Children creating ways to represent changing situations: On the development of homogeneous spaces

This paper focuses on children creating representations on paper for situations that change over time. We articulate the distinction between homogeneous and heterogeneous spaces and reflect on childrens tendency to create hybrids between them. Through classroom and interview examples we discuss two families of tasks that seem to facilitate childrens development of homogeneous spaces: 1) Making selected features directly visible, instead of requiring intermediate steps and calculations; for example, to be able to directly compare different sets of data combined in a single graph, and 2) Exploring well-defined figural components that can be used in graphing, such as line segments or sequencing from left to right, that are introduced as a resource.

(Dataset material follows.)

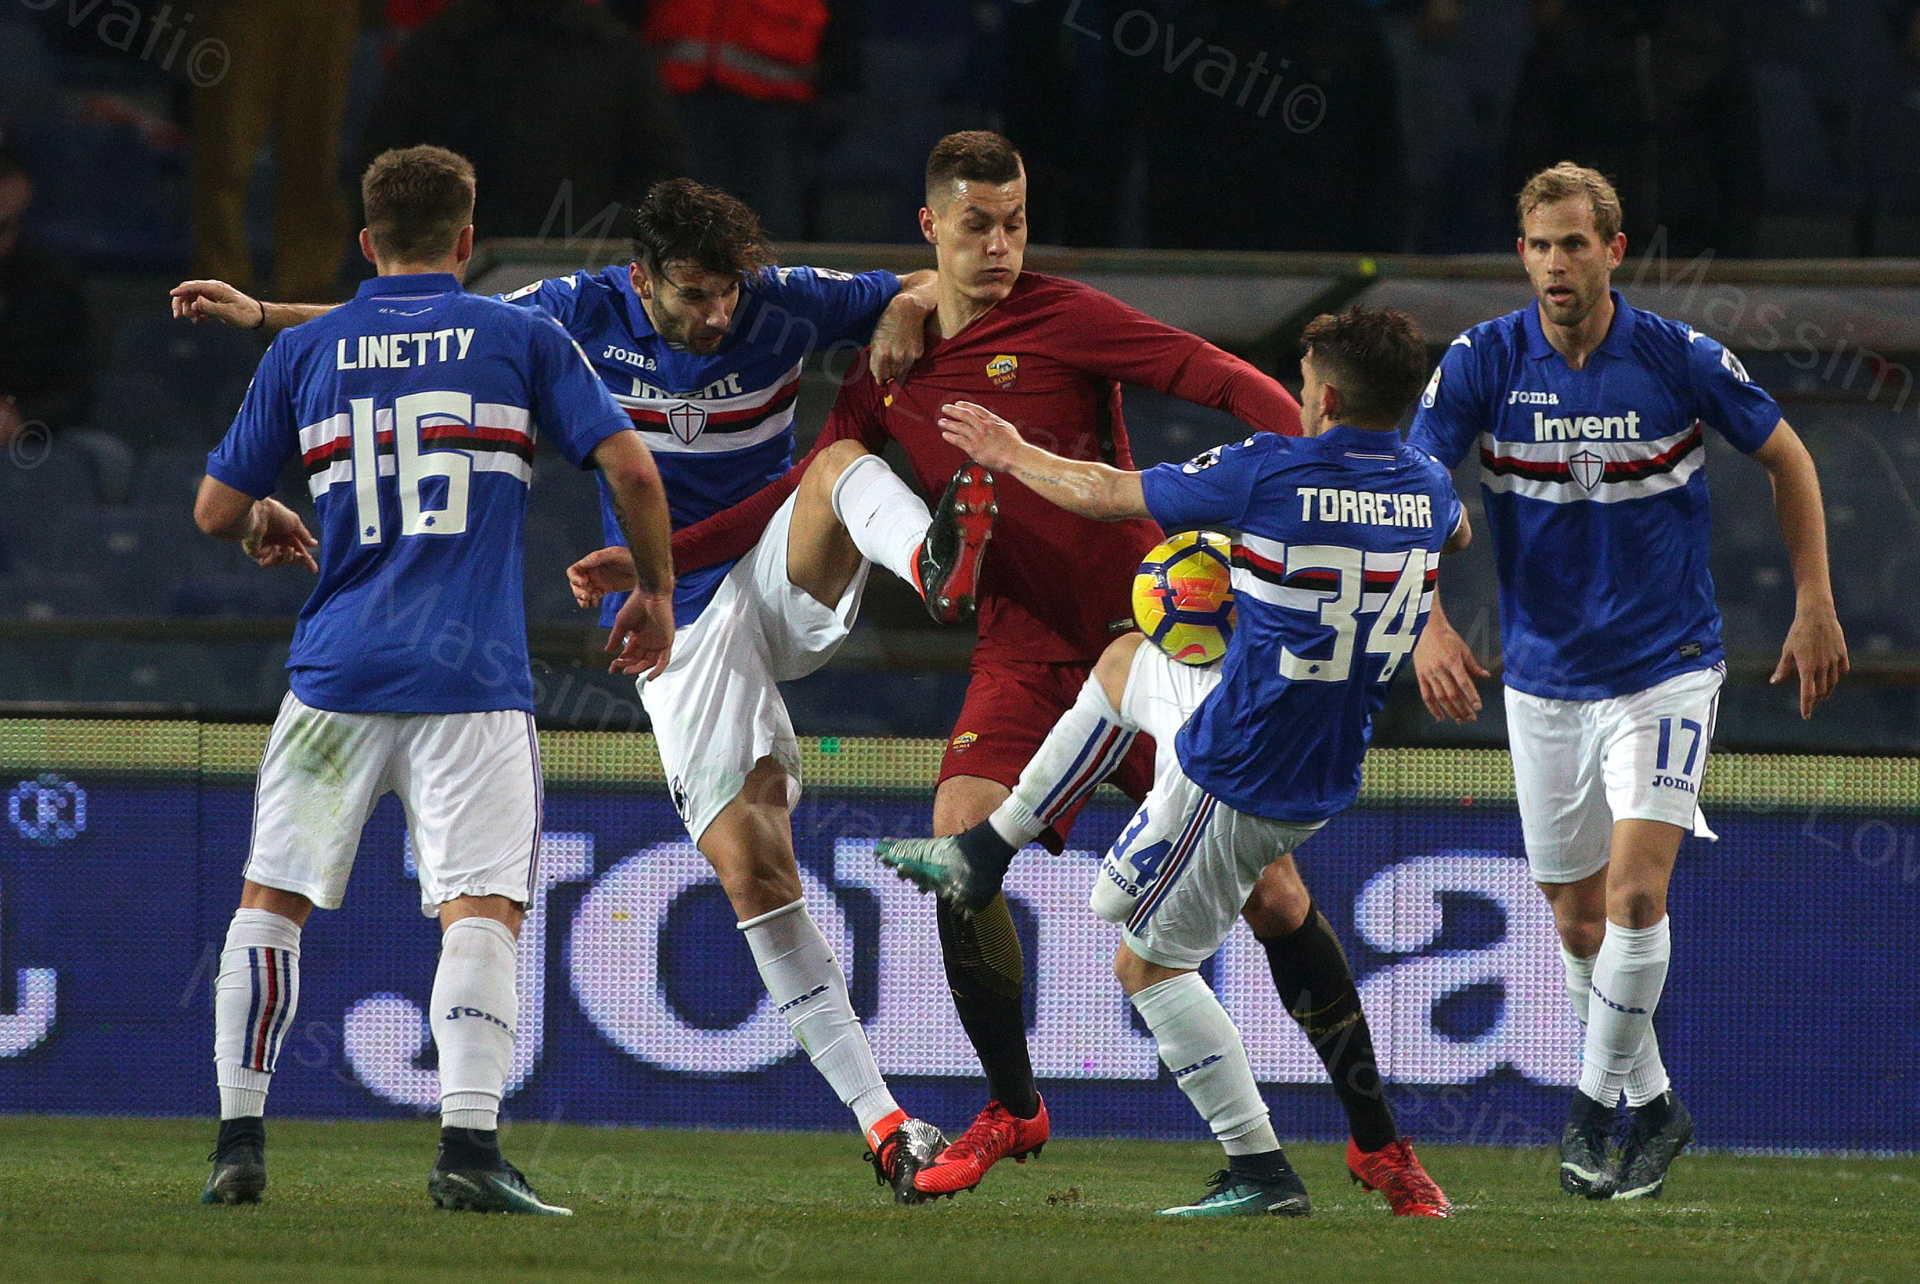 24/01/2018, Genova, Campionato di Calcio di Serie A, Sampdoria-Roma, nella foto Schick circondato

On Guessing the Essential Thing

This paper relates to the ongoing discussion in the domain of psychology of (mathematics) education about the consequences of the ‘situated cognition’ paradigm for the issues of generalization and transfer of learning. This chapter focuses on the nature on generalizing. A first issue that is examined is the relationship between principles, laws, and definitions, on the one hand, and the circumstances in which they are validly applied. In this respect, a distinction is made between formal and situated generalizations across the following three areas: (a) where the generalization takes place, (b) values associated with generalizing, and (c) how generalizations relate to particular instances. A second part to be published elsewhere elaborates on transfer of learning. These papers articulate the claims through an in-depth analysis of an interview with Clio, an 11-year old girl working with problems involving the graphical representation of motion.